A zero-indexed array A consisting of N different integers is given. The array contains all integers in the range [0, N - 1].
Sets S[K] for 0 <= K < N are defined as follows:
S[K] = { A[K], A[A[K]], A[A[A[K]]], ... }.
Sets S[K] are finite for each K and should NOT contain duplicates.
Write a function that given an array A consisting of N integers, return the size of the largest set S[K] for this array.
Example 1:
Input: A = [5,4,0,3,1,6,2] Output: 4 Explanation: A[0] = 5, A[1] = 4, A[2] = 0, A[3] = 3, A[4] = 1, A[5] = 6, A[6] = 2.
One of the longest S[K]: S[0] = {A[0], A[5], A[6], A[2]} = {5, 6, 2, 0}
Note:
- N is an integer within the range [1, 20,000].
- The elements of A are all distinct.
- Each element of array A is an integer within the range [0, N-1].
思路:
感觉类似于求集合的概念。根据给出的例子,可以发现,5 6 2 0这四个数字无论是从0开始还是从2开始,始终是这四个数字为一个集合,于是就可以用一个标记用来表示
是否已经遍历过该数字,比如从0开始,依次找到A[0], A[5], A[6], A[2],将他们依次做标记,就可以避免重复遍历。
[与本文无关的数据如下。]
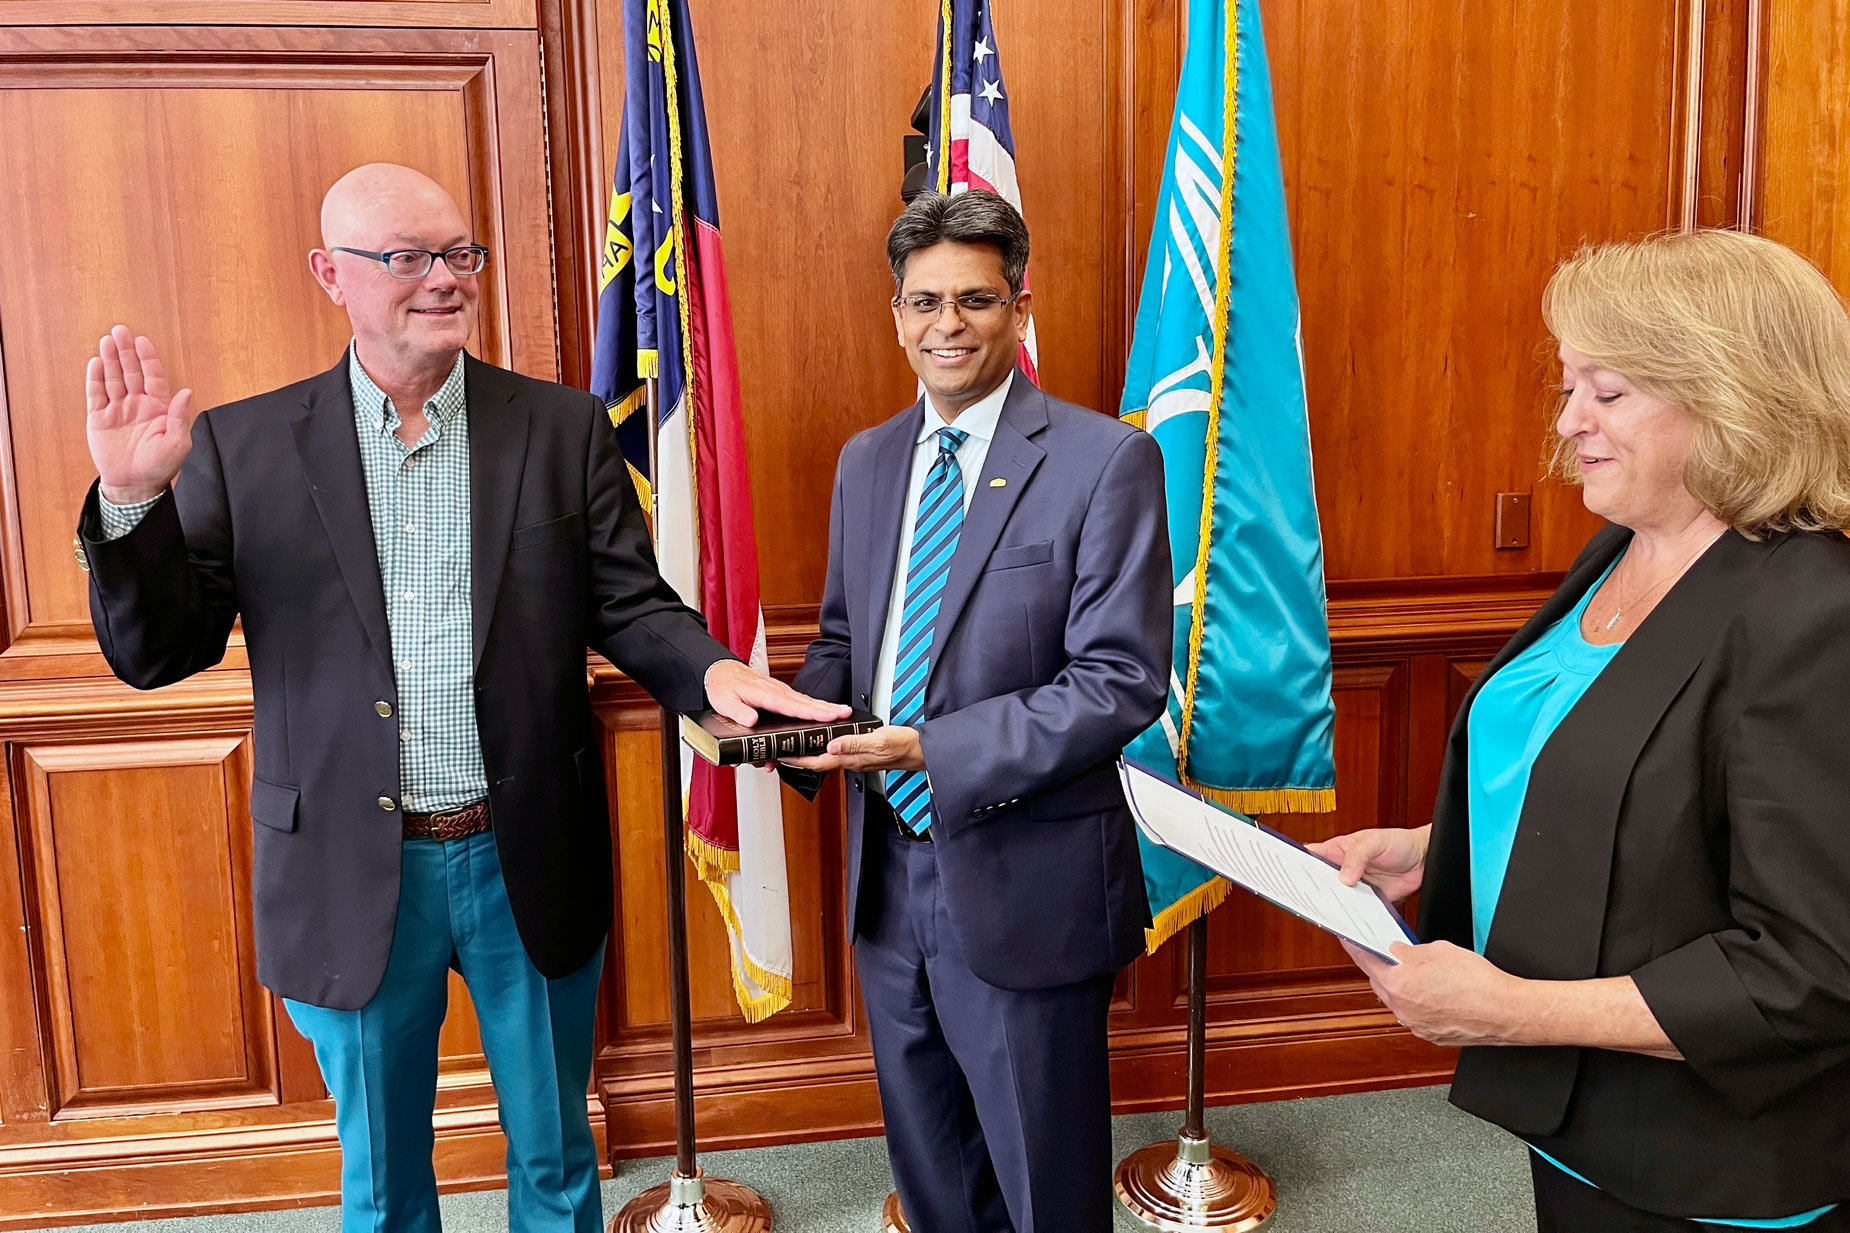 Steve Griffin ’82 recently took the oath of office as a new member of the UNCW Board of Trustees.

int arrayNesting(vector<int>& nums) { int n = nums.size(); vector<int>flags(n,false); int res =0; int num =0; for(int i =0;i<n;i++) { if(flags[i] == true)continue; num = 0; for(int j = i;flags[j]==false;) { num++; flags[j] = true; j = nums[j]; } res = max(res,num); } return res; }